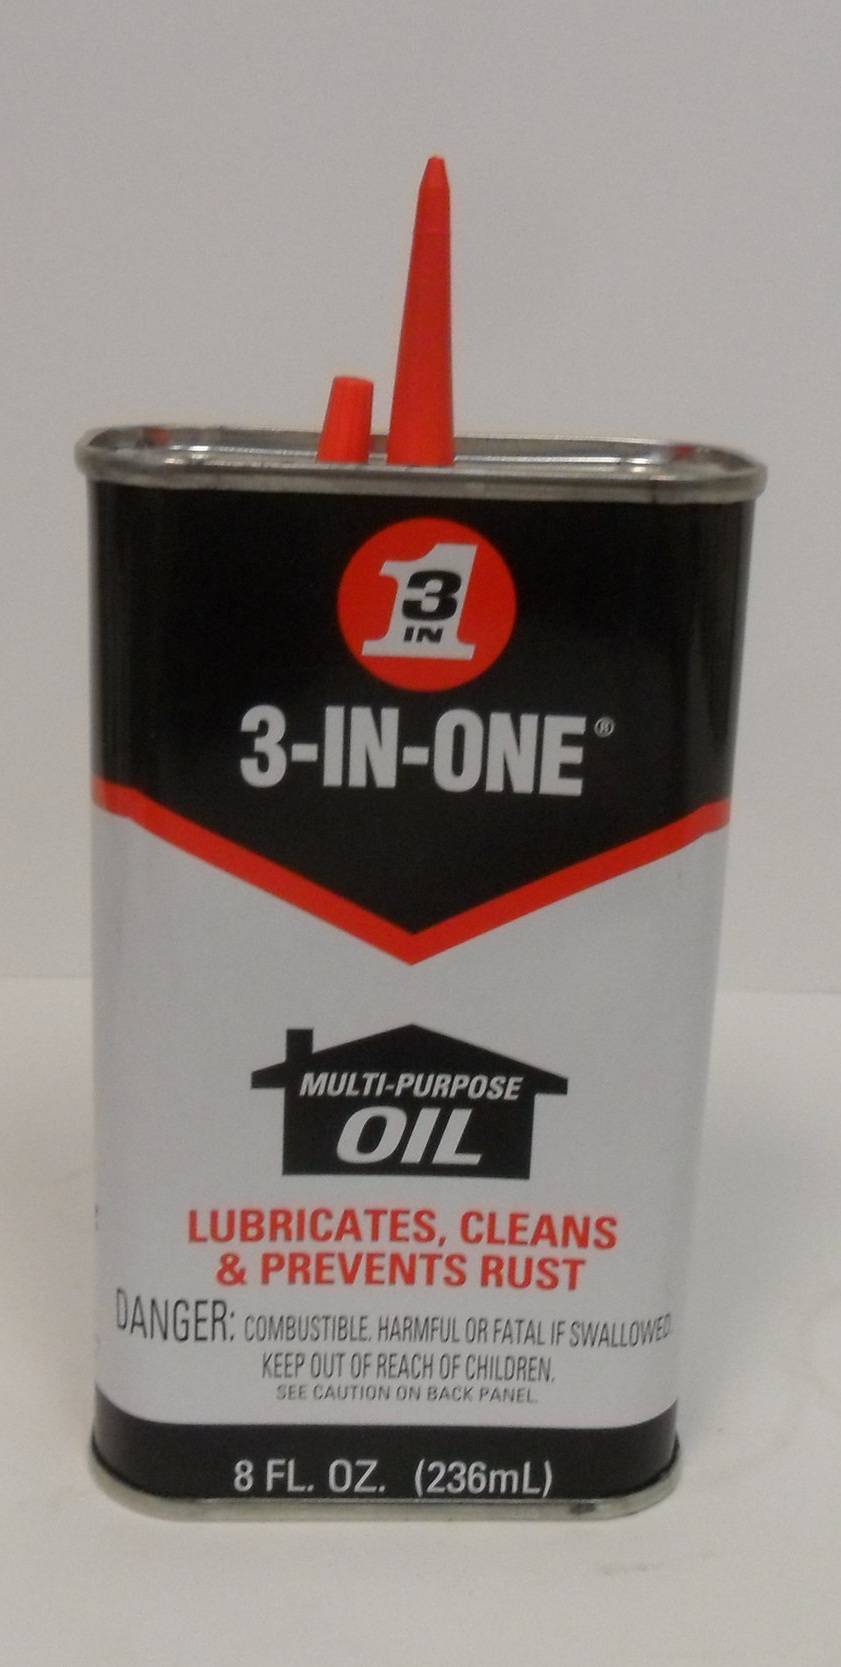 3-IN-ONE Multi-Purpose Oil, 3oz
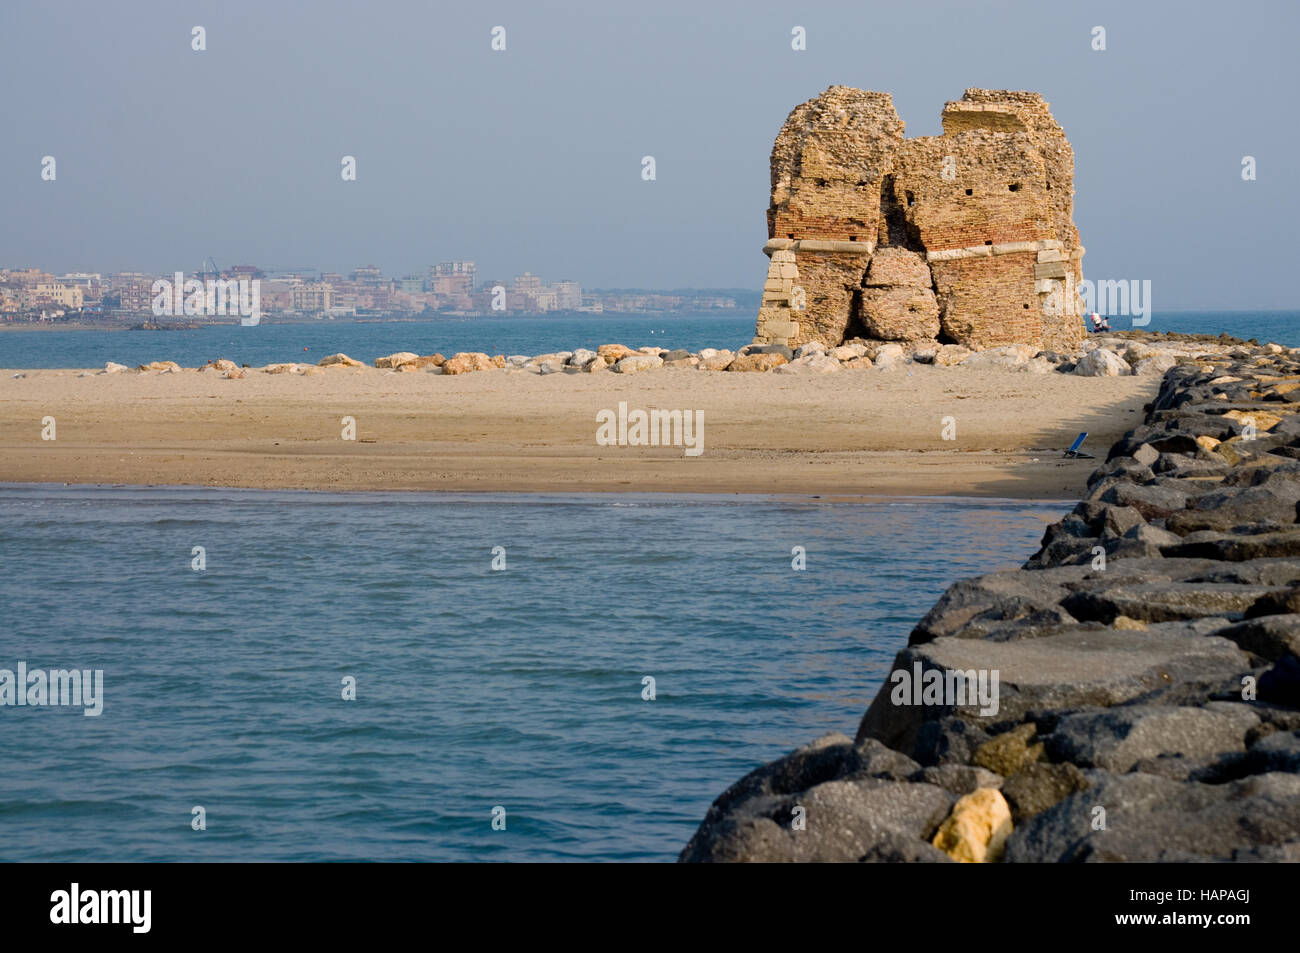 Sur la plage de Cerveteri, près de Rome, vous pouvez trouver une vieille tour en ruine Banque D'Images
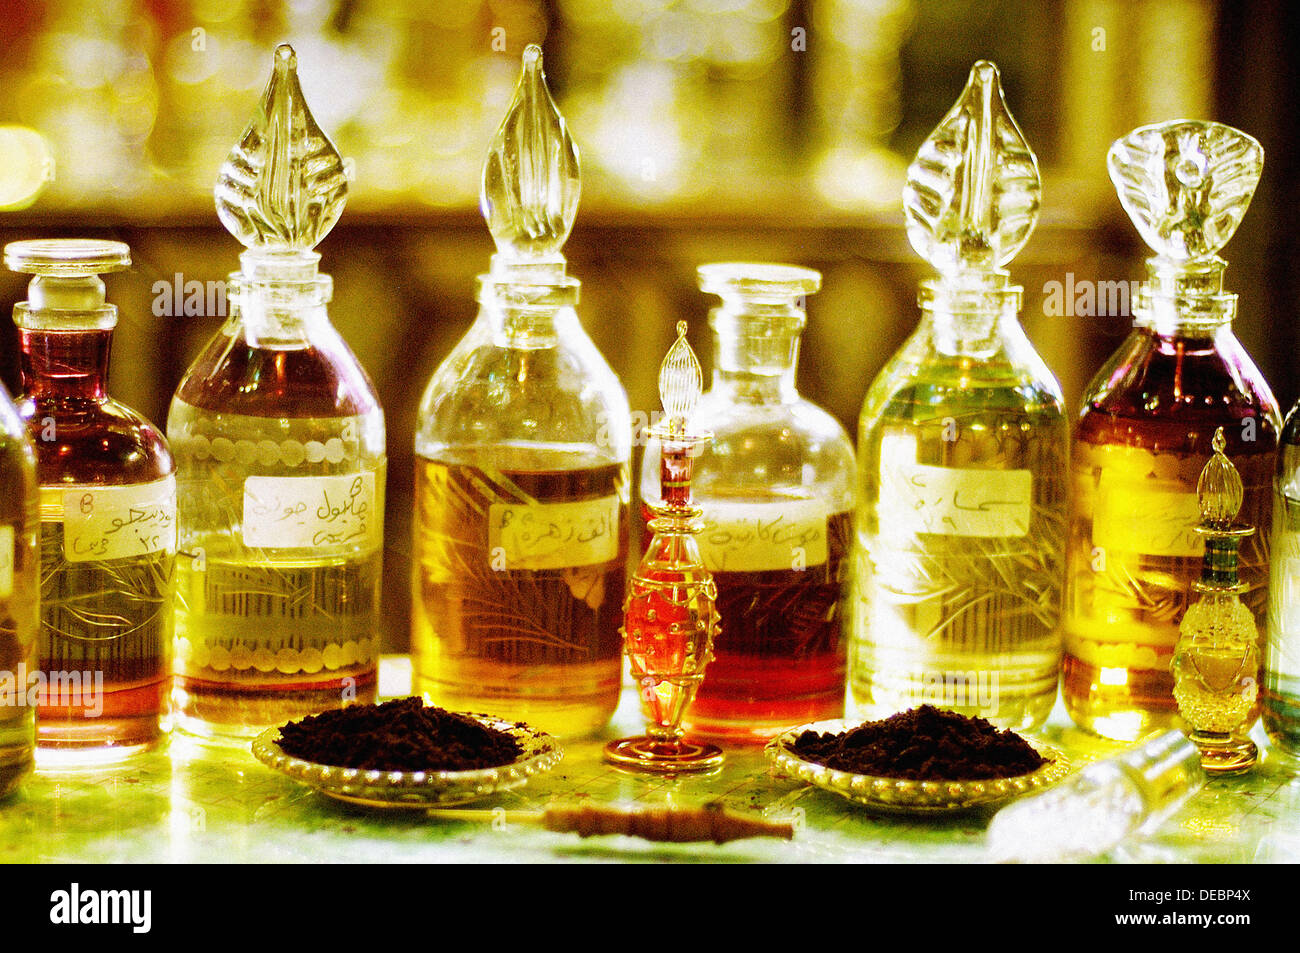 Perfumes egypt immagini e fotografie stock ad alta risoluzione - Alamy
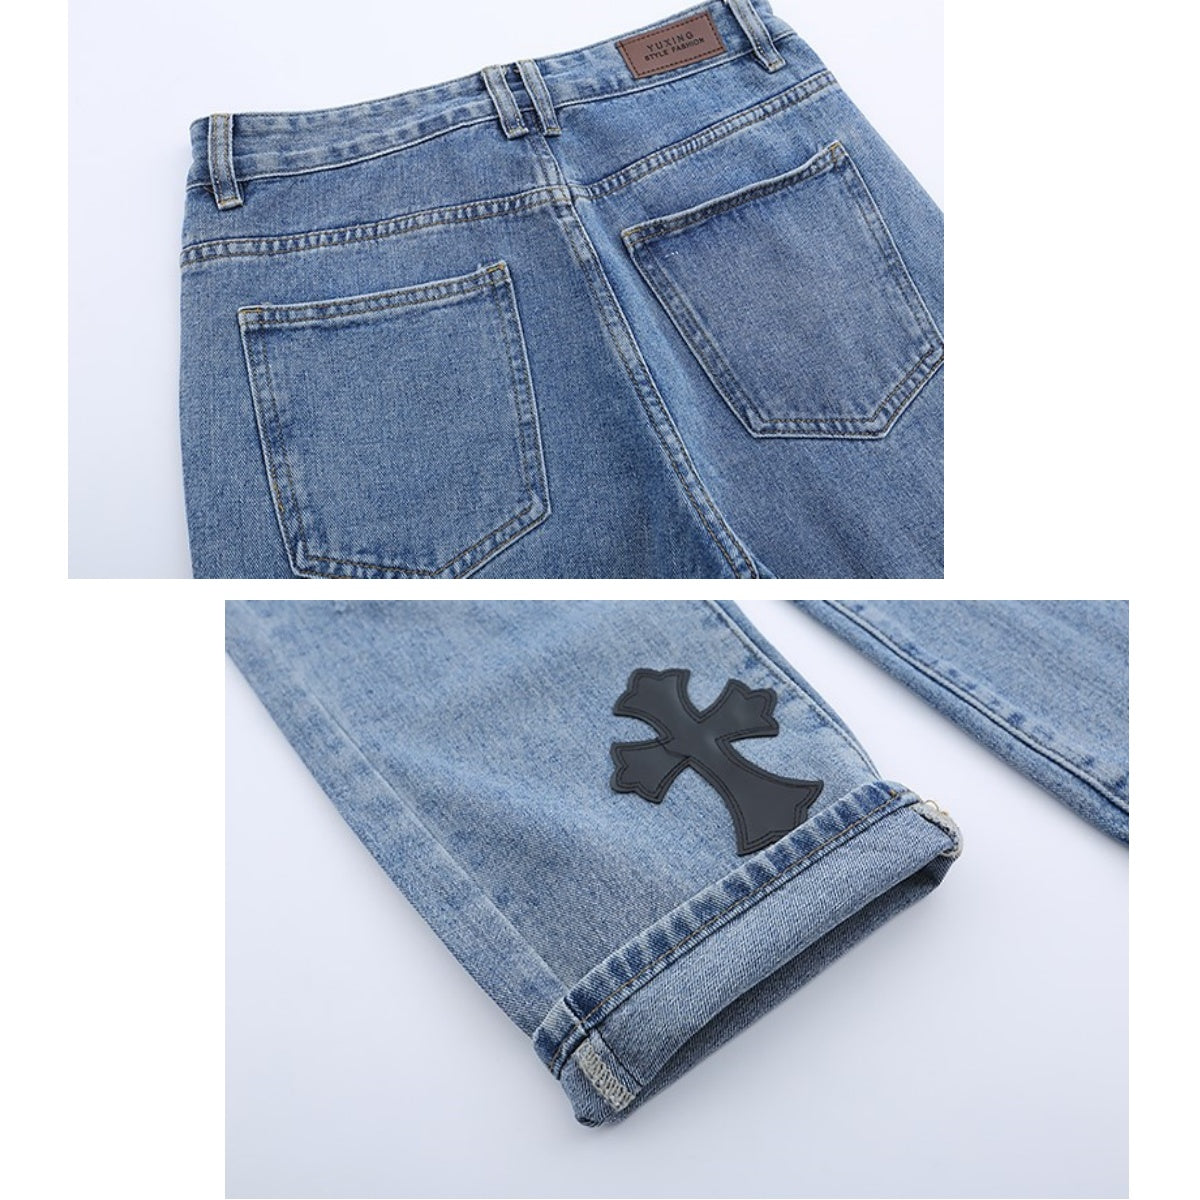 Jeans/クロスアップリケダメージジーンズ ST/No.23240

▶ **TASK ITEM**:
Output everything in the material exactly. Pictures stay out of it.

▶ **RESPONSE BOX**:
 3-IN-ONE Multi-Purpose Oil, 3oz
 Sur la plage de Cerveteri, près de Rome, vous pouvez trouver une vieille tour en ruine Banque D'Images
 Perfumes egypt immagini e fotografie stock ad alta risoluzione - Alamy
 Jeans/クロスアップリケダメージジーンズ ST/No.23240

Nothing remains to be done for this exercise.